Is the cam 84 programmed for a normal cycle or profiled, then the opening 89 of the control valve 73 is during the entire cycle kept closed so that the outlet port 79 remains closed and a leakage liquid from the pressure chamber 23 is prevented. If a press cycle is required, which is lower than the normal cycle pressure, then cam 84 becomes so programmed or profiled that the opening 89 and consequently the outlet opening 79 can be opened so that liquid is out of the chamber during the entire cycle 23 can flow off. The outflowing liquid is fed to the motor 36 to the To support the advance of the plunger 35. During the advance of the plunger 35 is Drained liquid from chamber 36b.

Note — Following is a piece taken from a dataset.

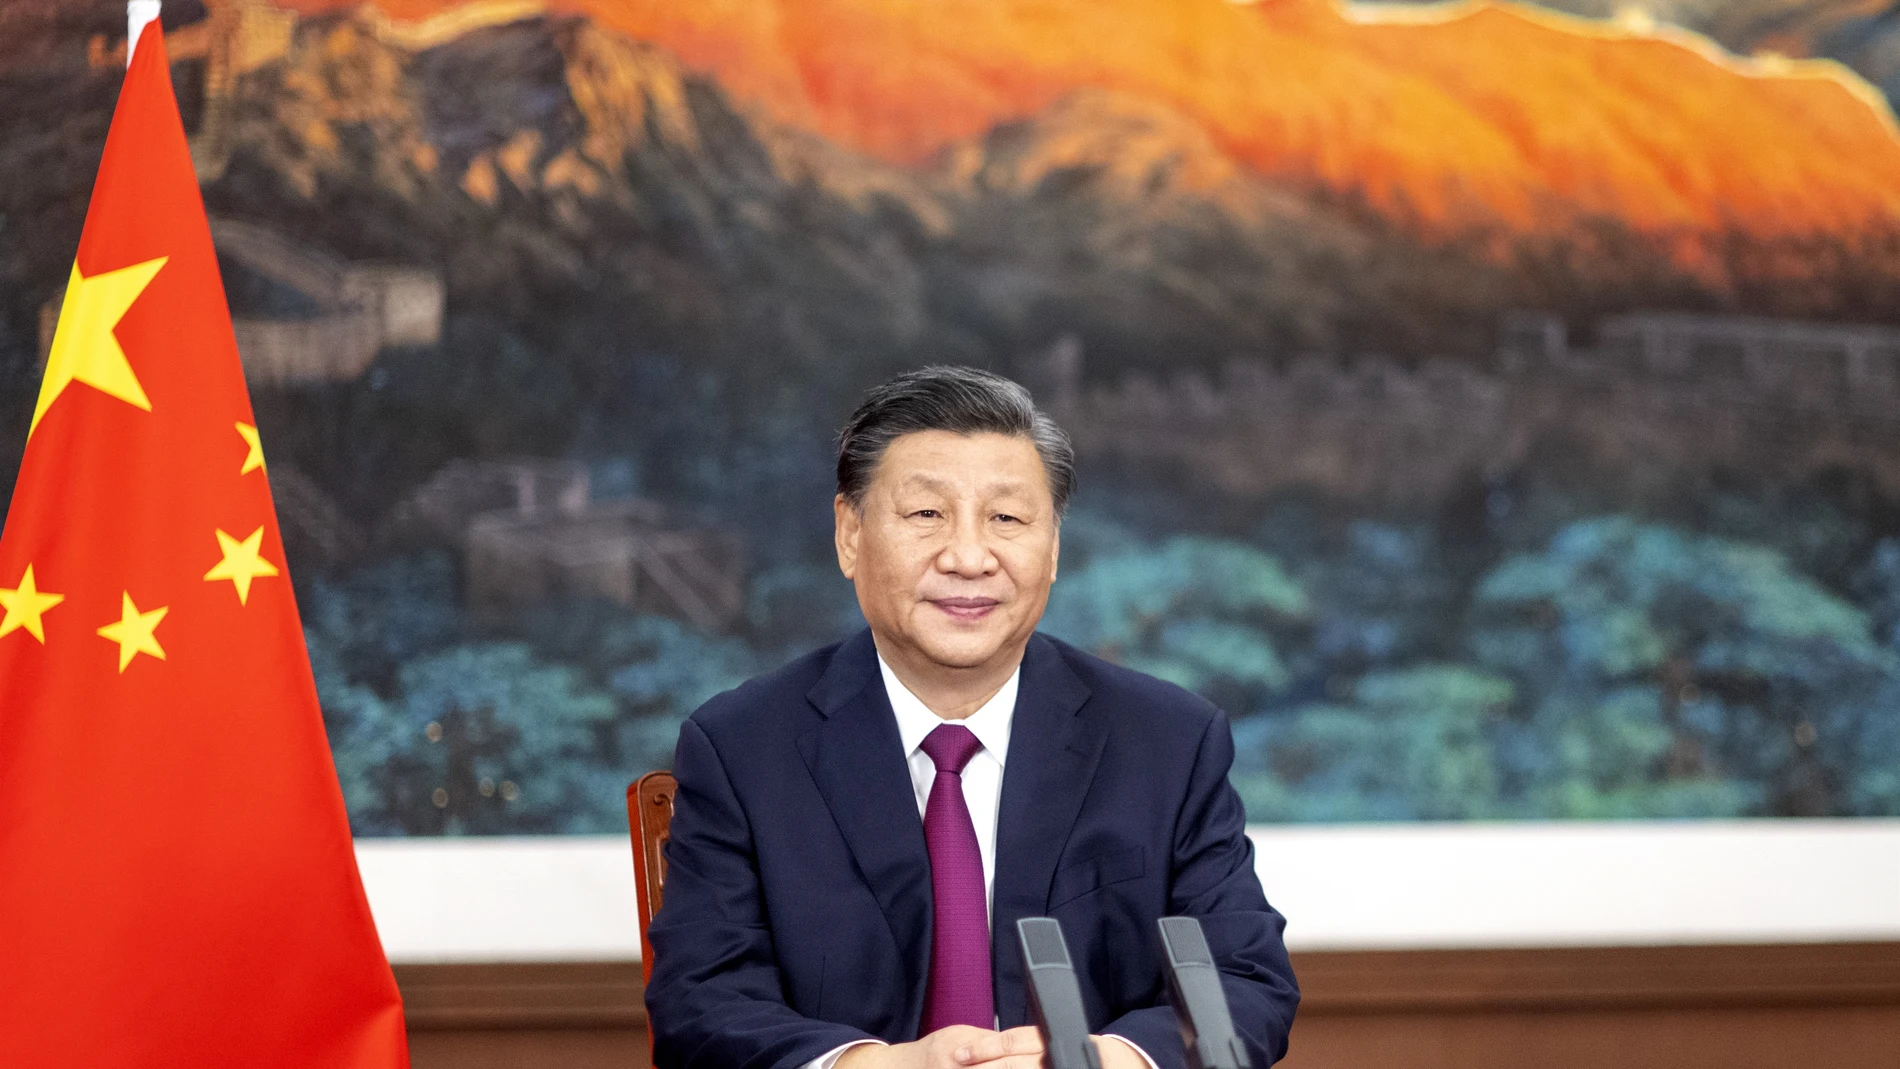 Xi Jinping, presidente de China LI XUEREN / XINHUA NEWS / CONTACTOPHOTO (Foto de ARCHIVO) 19/05/2022 ONLY FOR USE IN SPAIN

If a pressing cycle is required in which pressures are used which are above the pressures which are used in a normal cycle, then additional liquid must be supplied to the pressure chamber 23 during this cycle. When the pressure in chamber 23 and consequently in the pressure line 69 connected to the chamber reaches the particular value which is programmed or profiled in the cam disk 84 for the respective position of the tappet 35, then liquid becomes which is present in excess of that liquid , which is required to maintain the program pressure, fed via the outlet opening 79 to the liquid motor 36. When the plunger 35 is raised, the cam disk 84 rotates in the right direction, and the control valve 73 is continuously adjusted in accordance with the cam disk profile. Since the pressure in the chamber 72 is regulated by the pressure relief valve and since the outlet port 79 is opened to keep the pressure in the chamber 71 and the pressure line 69 in accordance with the pressure in the chamber 72, the pressure in the pressure chamber becomes 23 maintained in accordance with the profiling of the cam disk.

After the ram 35 has been advanced so far that the workpiece 16 is completely formed, the solenoid 58 is switched on in order to move the valve piston 101 of a check valve 102 to the right. The switching of the shut-off valve 102 connected to the control line 74 relieves the pressure in this control line 74 and consequently the pressure in the pressure line 69 and in the pressure chamber 23.

Claims (1)

Claim: Hydraulic compression molding press for sheet metal working with a plunger that can be displaced by a liquid motor and a pressure chamber closed off from the plunger by a membrane and connected to a pressure fluid source as a die, the pressure of which is generated as the plunger advances by draining liquid via a depending on the tappet position adjustable overpressure valve can be regulated, characterized in that the outlet opening (79) of the overpressure valve (70) is connected to the feed side (36e) of the liquid motor (36) of the tappet (35) 1210 040; U.S. Patent No. 2,783,728.